By observing the above coefficients we were unable to draw conclusions about the importance of specific features for discrimination between classes. For instance, we were unable to see that diauxic shift experiments can characterize two out of three functional groups - cytoplasmic ribosomes and respiration. Using the projection generated by discriminant analysis, we could only determine if the classes are linearly separable; although such finding is important, the list of coefficients did not help us to gain additional insight.

Missing values, often present in expression data sets, also pose problems for the two methods. For instance, metabolic example data set which has measurements for 186 genes includes only 70 genes without missing values. Since factors generated using PCA or discriminant analysis need values of all attributes we have two choices - either we impute the missing data or we remove examples with missing values (regression-tree based imputation was used in our analysis above).

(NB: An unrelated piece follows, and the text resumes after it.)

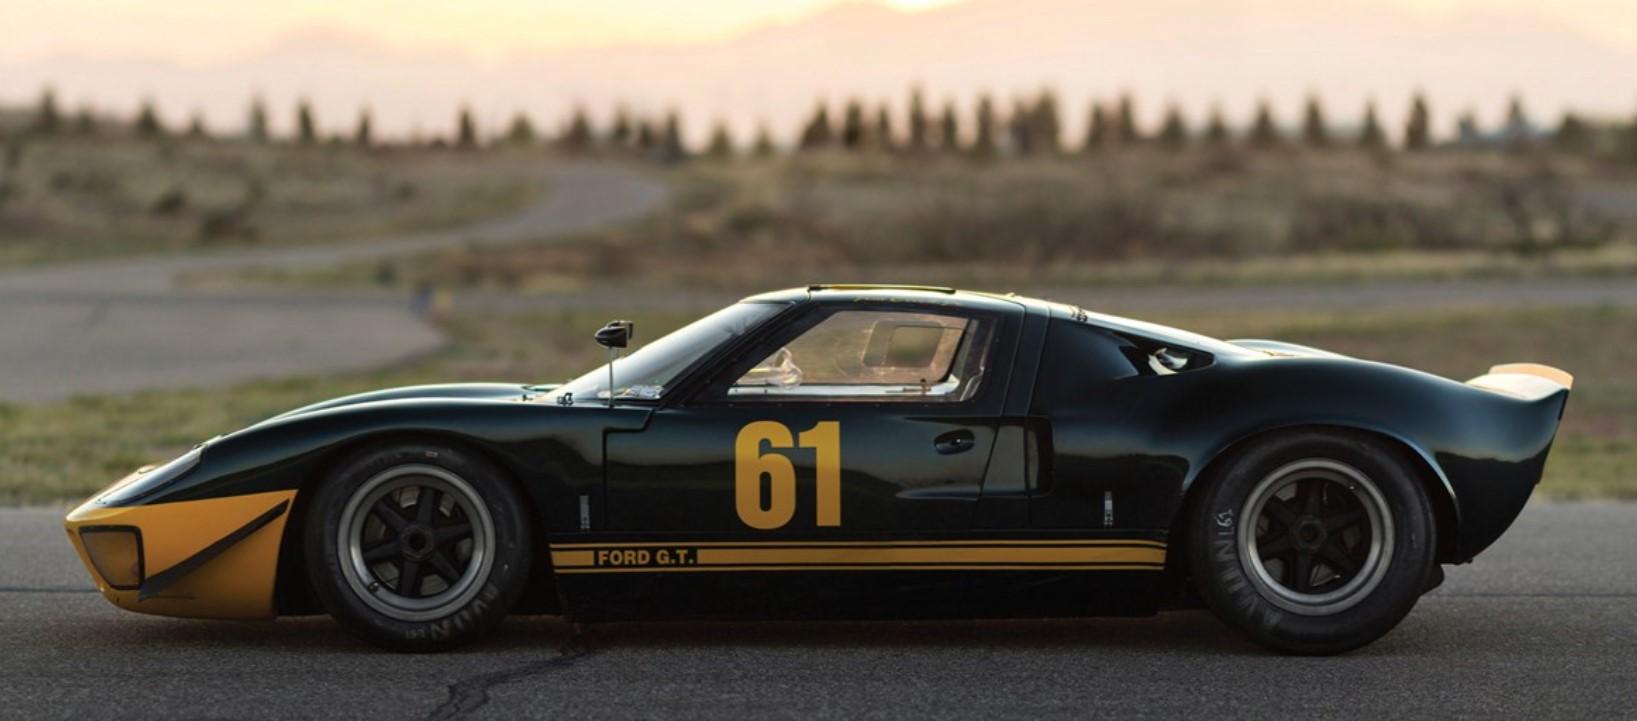 GT401.jpg

A problem also arises with discriminant analysis when the dimensionality of the data d is larger than the number of examples N. In such cases the inverse of the covariance matrix does not exist (since covariance matrix is singular) and therefore the factors can not be computed.

Another disadvantage of the discriminant analysis is also the assumption on the data distribution. Discriminant analysis assumes that data in each class is unimodal, has gaussian distribution and has the same covariance matrix. In cases when this does not hold (which is in most real-life data sets), the discriminant analysis can often find projections that are not good for class discrimination.

Conclusion

VizRank, PCA and discriminant analysis have their strengths and weaknesses. The main strength of VizRank compared with the other two techniques is easy interpretation of visualizations, as they use original set of features rather then their transformation. Another advantage is ability to obtain a ranked list of projections. Also, VizRank does not assume any data distribution. On the other hand, methods like PCA and discriminant analysis can be very fast at finding a single projection with best separation.

Despite, or even inspite of comparative differences, one can always benefit from using different analysis tools on the same data. Using a discriminant analysis first may for instance indicate that the classes are separable, while continuing the analysis with VizRank and selected visualization (e.g. scatter plot or radviz) can provide for additional insight and identification of interesting features and patterns.

References:

Duda, R. O., P. E. Hart, et al. (2001). Pattern Classification, John Wiley and Sons, Inc.

Johnson, R. A. and D. W. Wichern (1998). Applied Mulitvariate Statistical Analysis, Prentice-Hall, Inc.